ElectroRAT

El auge del sector de las criptomonedas que comenzó hace varios años y que todavía se está fortaleciendo hoy seguramente llamará la atención de los piratas informáticos malvados. De hecho, la cantidad de amenazas de malware desatadas en forma salvaje durante el último año que se dirigieron principalmente a los usuarios de criptomonedas muestra un crecimiento significativo. Otra tendencia observable entre los ciberdelincuentes es la mayor adopción del lenguaje de programación Go. En comparación con C, C ++ y C # ya establecidos y bastante convencionales, el uso de Go ofrece varias ventajas distintas. El código de malware escrito en Go sigue siendo algo mejor para evitar la detección. Es más difícil para la ingeniería inversa y, debido a que sus binarios son más fáciles de compilar, los operadores malvados pueden configurar amenazas de múltiples plataformas rápidamente.

Una de las últimas amenazas que se incluyen en esta categoría fue nombrada ElectroRAT por los investigadores de info-sec de Intezer Labs, quienes la detectaron por primera vez. ElectroRAT está equipado con numerosas capacidades intrusivas orientadas a recolectar y filtrar datos confidenciales de los dispositivos comprometidos. Puede configurar rutinas de registro de teclas, tomar capturas de pantalla, ejecutar comandos arbitrarios, descargar archivos adicionales o cargar archivos seleccionados a un repositorio bajo el control de los piratas informáticos.

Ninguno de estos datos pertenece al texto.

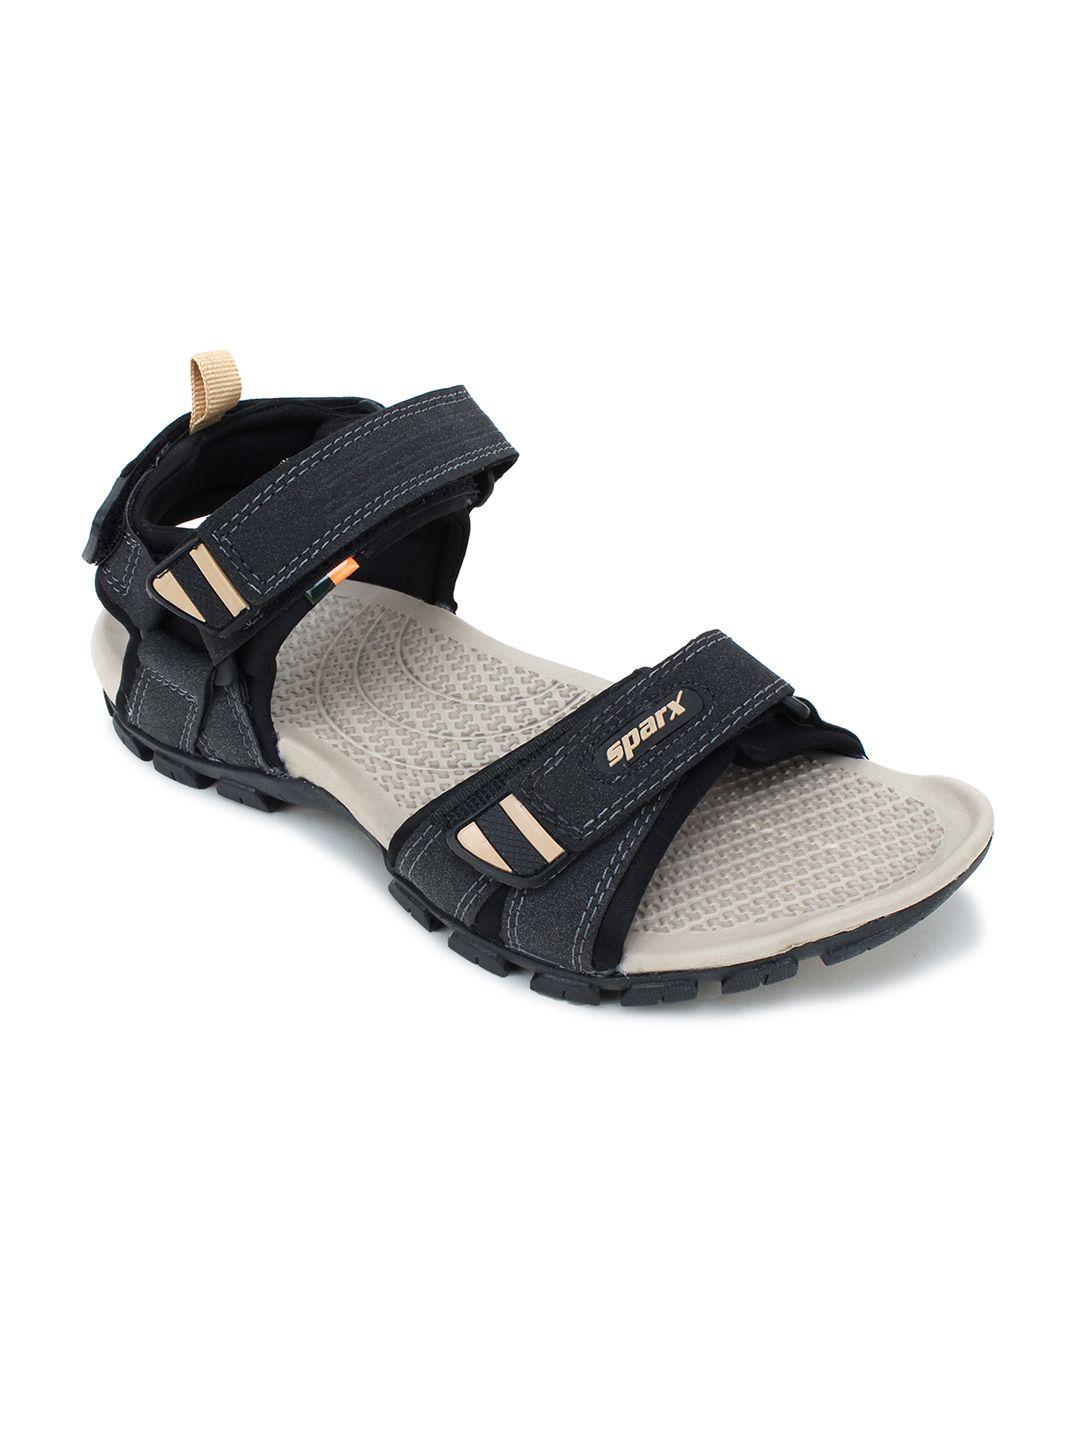 Sparx Men SS-481 Black and Beige Sports  Sandals

A pesar de la multitud de usos que podría tener tal amenaza, los investigadores confían en que el objetivo principal de ElectroRAT era obtener direcciones de billeteras de criptomonedas, que posteriormente se agotarán de fondos. Se estima que 6.500 usuarios se han infectado con ElectroRAT. El número se basó en las veces que se accedió a una URL de Pastebin que contenía la dirección de los servidores Command y Contro (C&C, C2) de la amenaza.

Aunque ElectroRAT se detectó en diciembre de 2020, se estima que la campaña amenazante dedicada a su distribución comenzó a principios de año, en los primeros días de enero de 2020.Los piratas informáticos crearon tres aplicaciones de criptomonedas falsas separadas llamadas DaoPoker, Jamm y eTrade / Kintum para llevar el código de ElectorRAT. DaoPoker se hizo pasar por una aplicación de póquer que permite el uso de criptomonedas, mientras que las otras dos aplicaciones con malware pretendían ser una plataforma de comercio de criptomonedas fácil de usar. Cada aplicación tenía un sitio web dedicado configurado para ella: daopker.com, jamm.to y kintum.io. Los piratas informáticos crearon versiones de las tres aplicaciones para cada una de las plataformas principales: Windows, Mac y Linux. Los usuarios desprevenidos fueron dirigidos hacia las aplicaciones insidiosas y sus sitios web corruptos dedicados a través de anuncios publicados por los piratas informáticos en diferentes plataformas de redes sociales, así como foros especializados en criptomonedas.

Los usuarios que interactúan con las criptomonedas de forma activa deberían comenzar a estar más alerta cuando se trata de amenazas de malware que intentan interceptar, recolectar y exfiltrar datos privados confidenciales de sus dispositivos.